— EXERCISE GOAL —
Omit the images and output every line of the data below exactly.

— DATA BELOW —
——

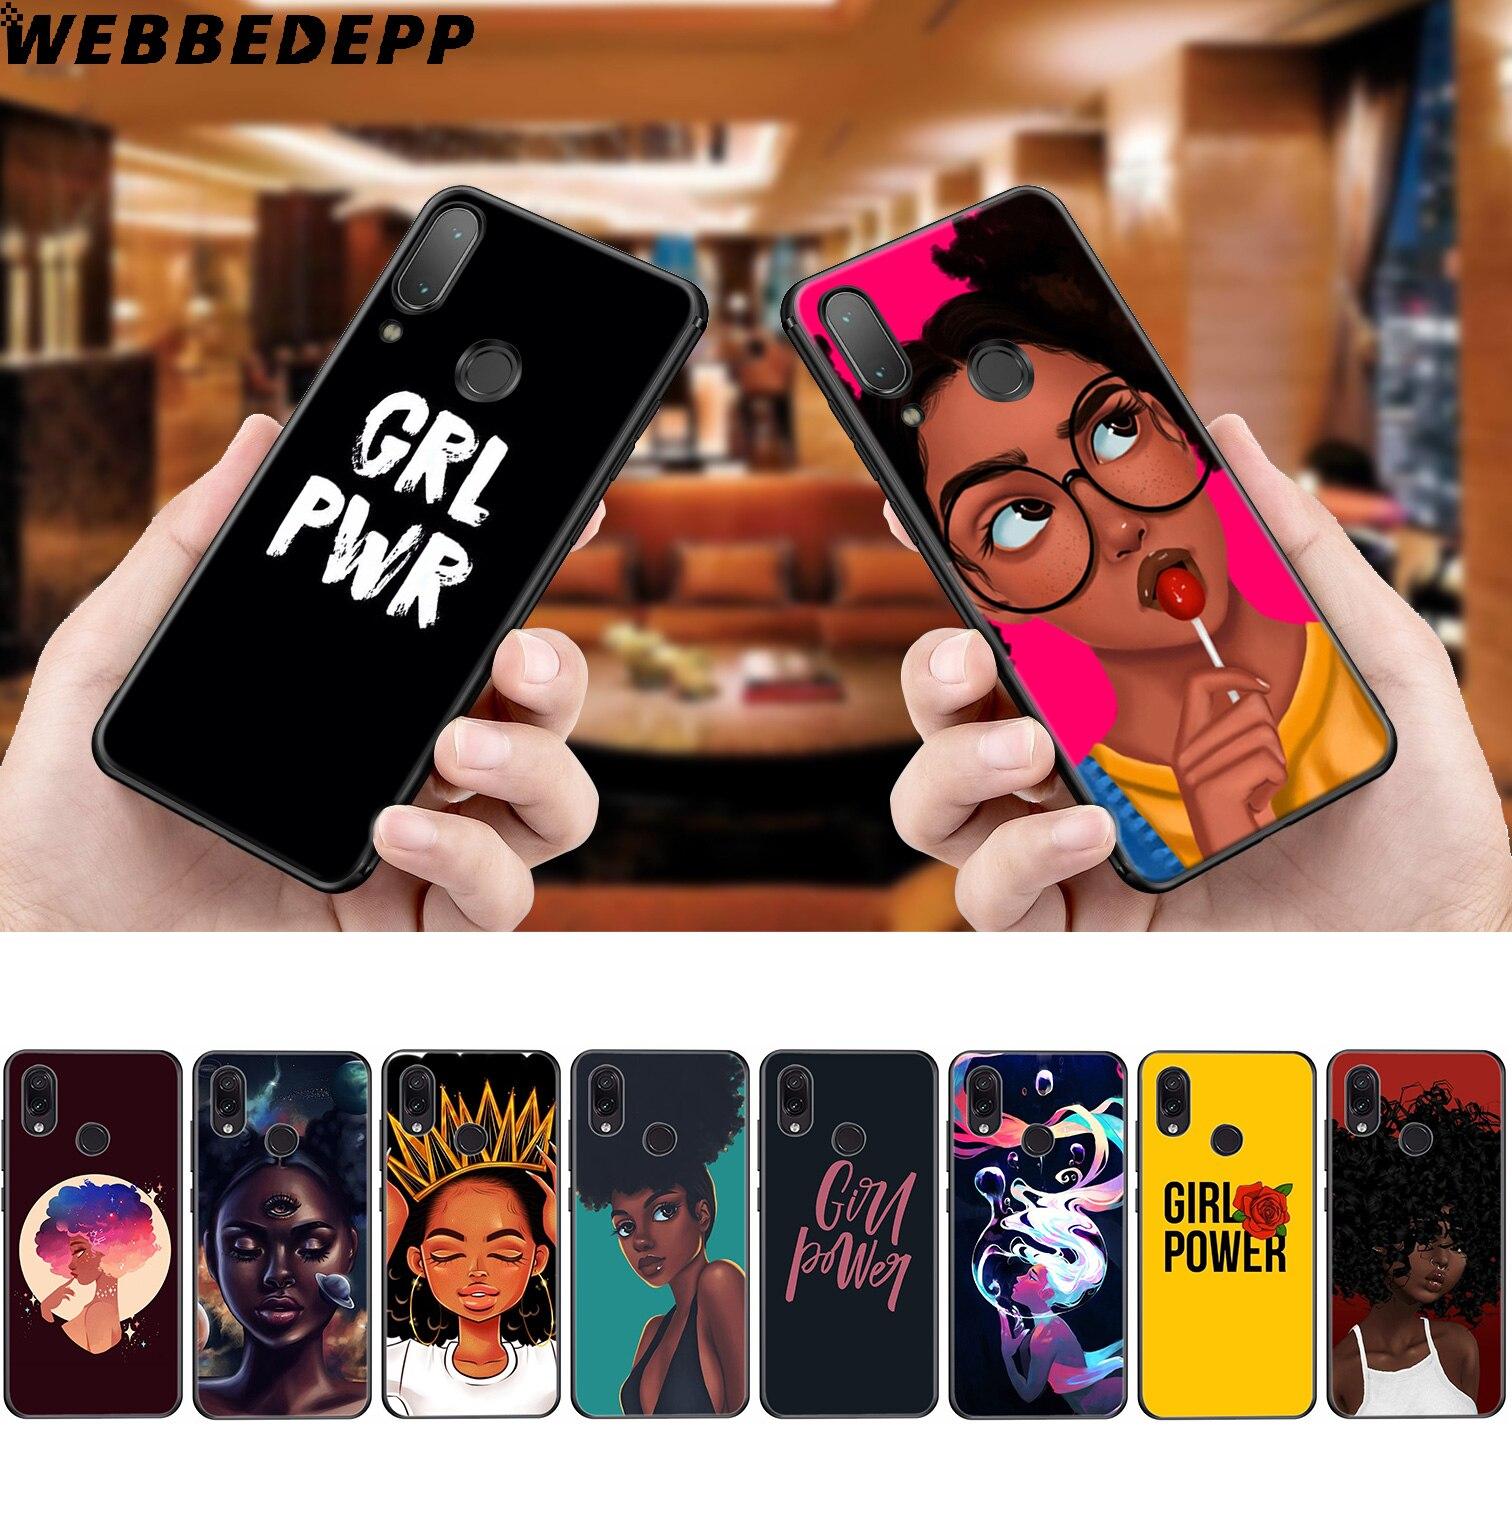 WEBBEDEPP Black Afro Girl Soft Case for Xiaomi Redmi K20 7A 4A 4X 5 5A 6 6A S2 Note 8 4 4X 5 6 5A 7 Pro Plus Prime
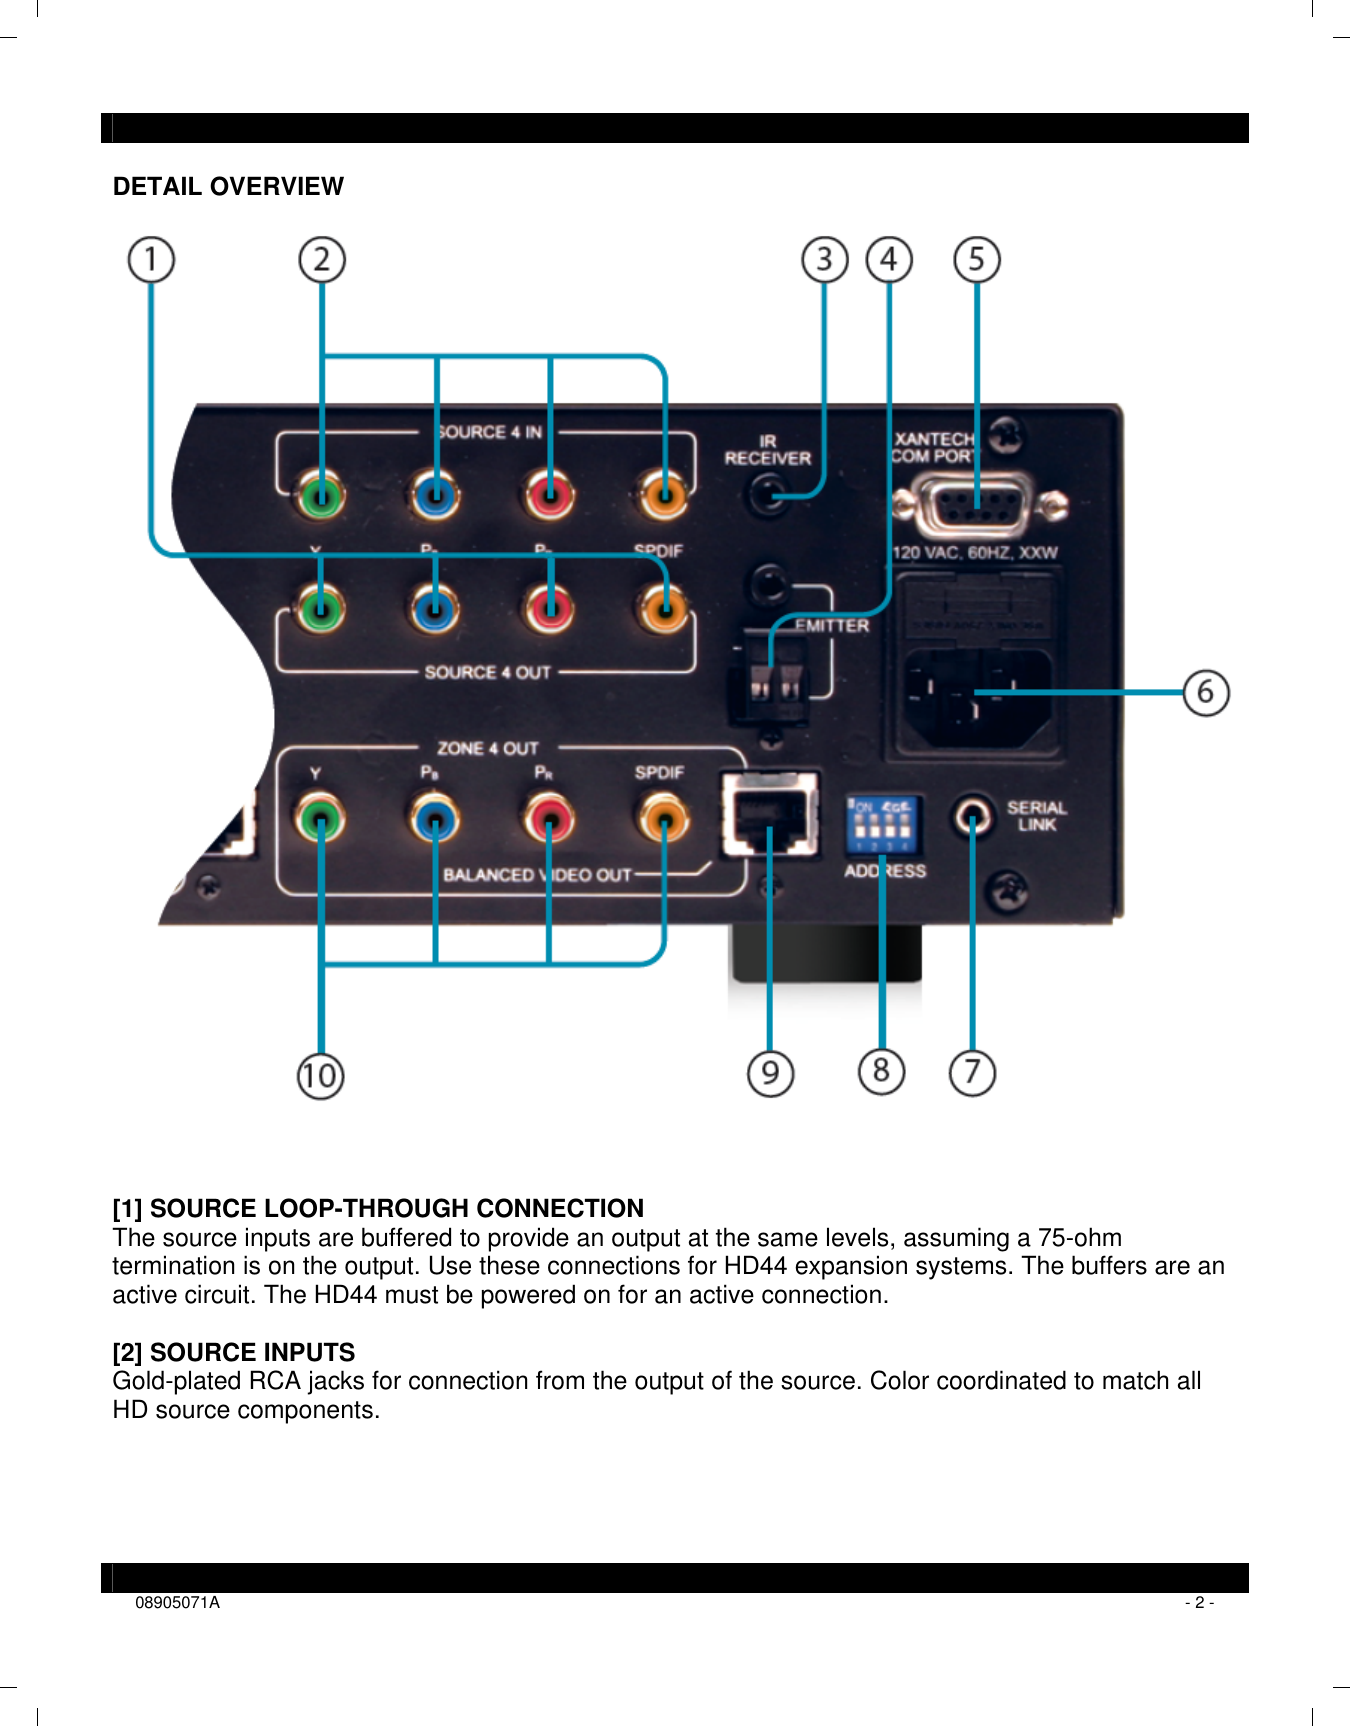 xantech switch hd44c users manual installation instructions  page 2 of 12 xantech xantech switch hd44c users manual
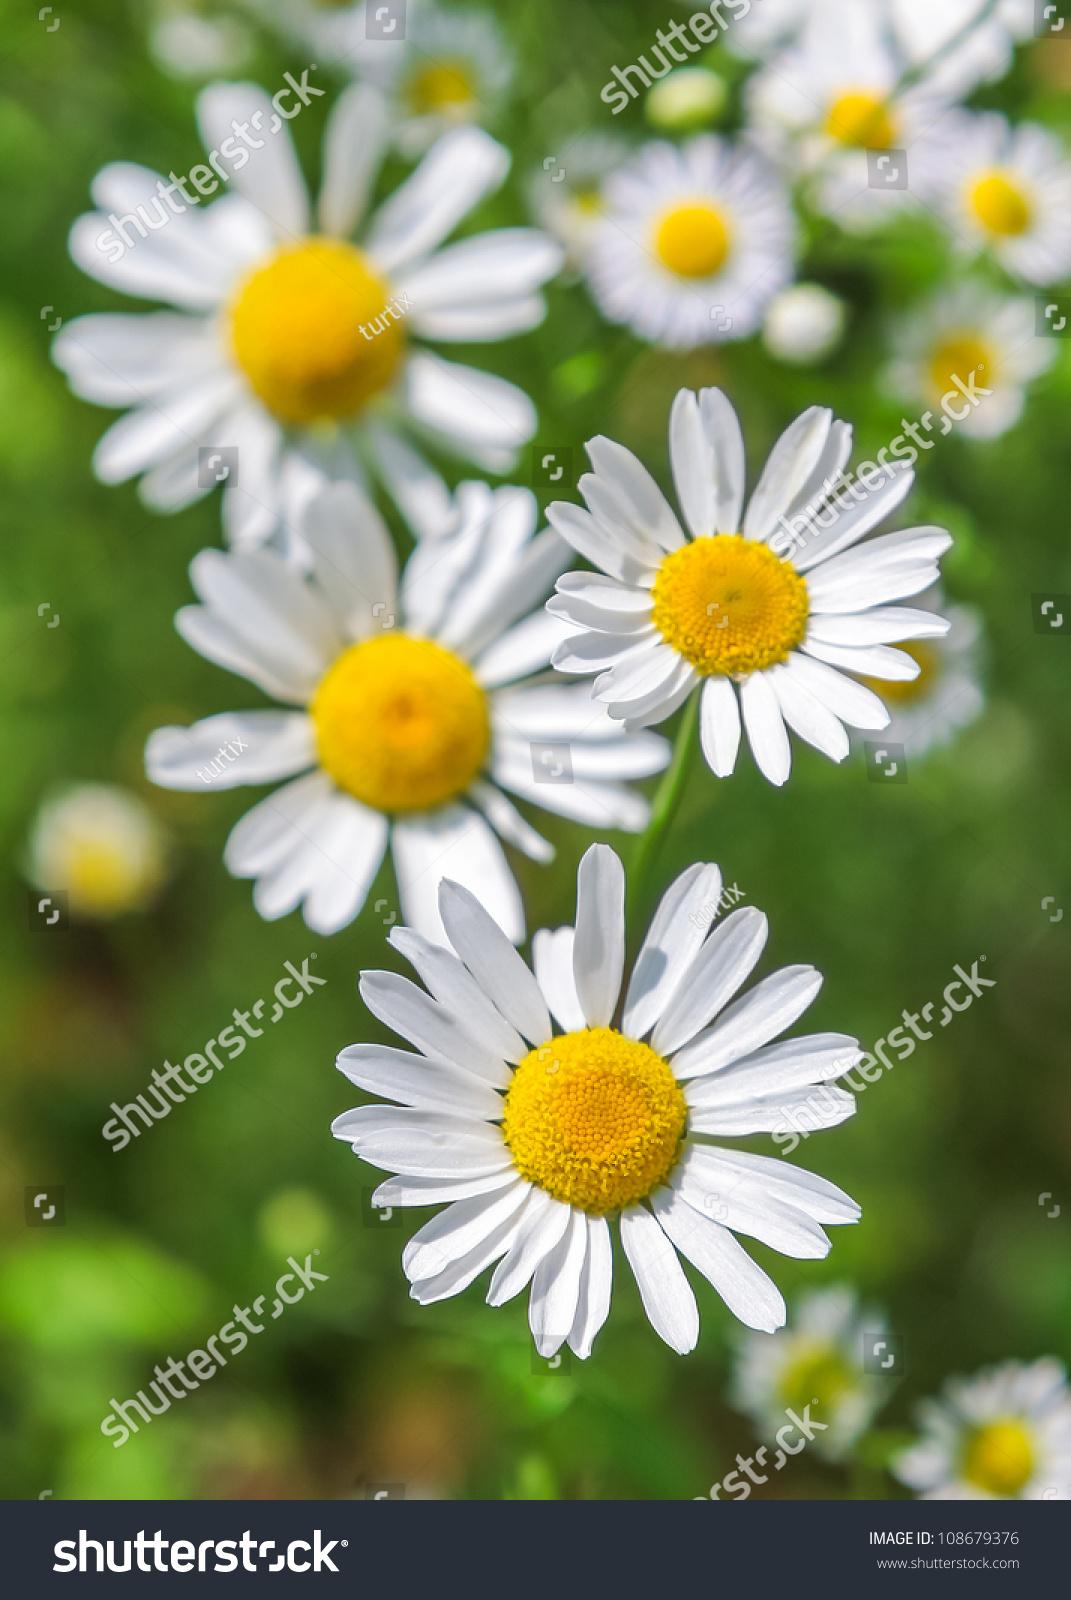 Beautiful daisy flowers stock photo royalty free 108679376 beautiful daisy flowers izmirmasajfo Choice Image
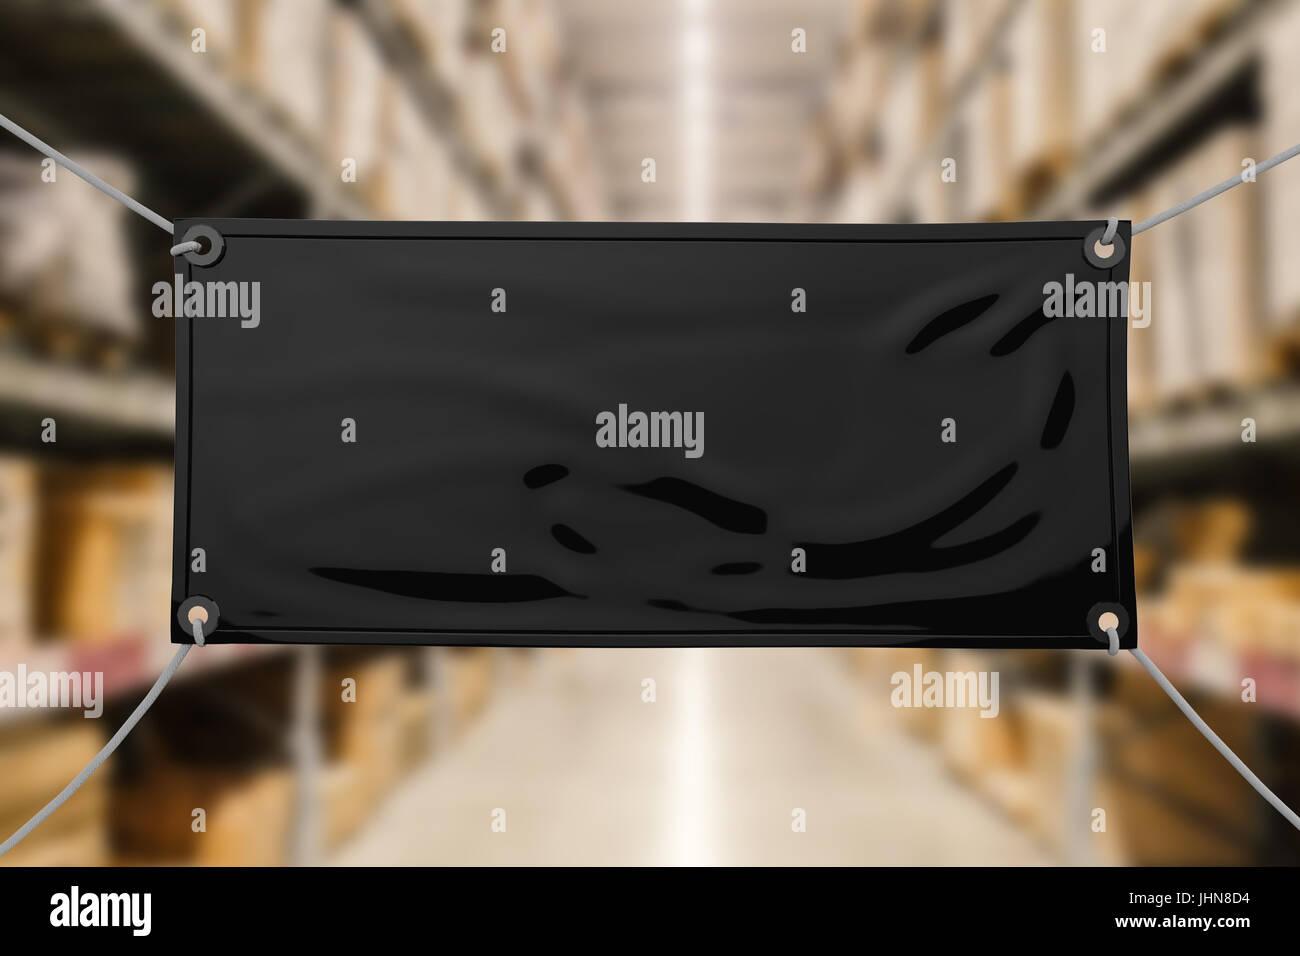 Black Blank Vinyl Banner Hanging Stock Photo Royalty Free Image - Blank vinyl banners

——

— FINISHED EXERCISE —
 WEBBEDEPP Black Afro Girl Soft Case for Xiaomi Redmi K20 7A 4A 4X 5 5A 6 6A S2 Note 8 4 4X 5 6 5A 7 Pro Plus Prime
 xantech switch hd44c users manual installation instructions  page 2 of 12 xantech xantech switch hd44c users manual
 Beautiful daisy flowers stock photo royalty free 108679376 beautiful daisy flowers izmirmasajfo Choice Image
 Black Blank Vinyl Banner Hanging Stock Photo Royalty Free Image - Blank vinyl banners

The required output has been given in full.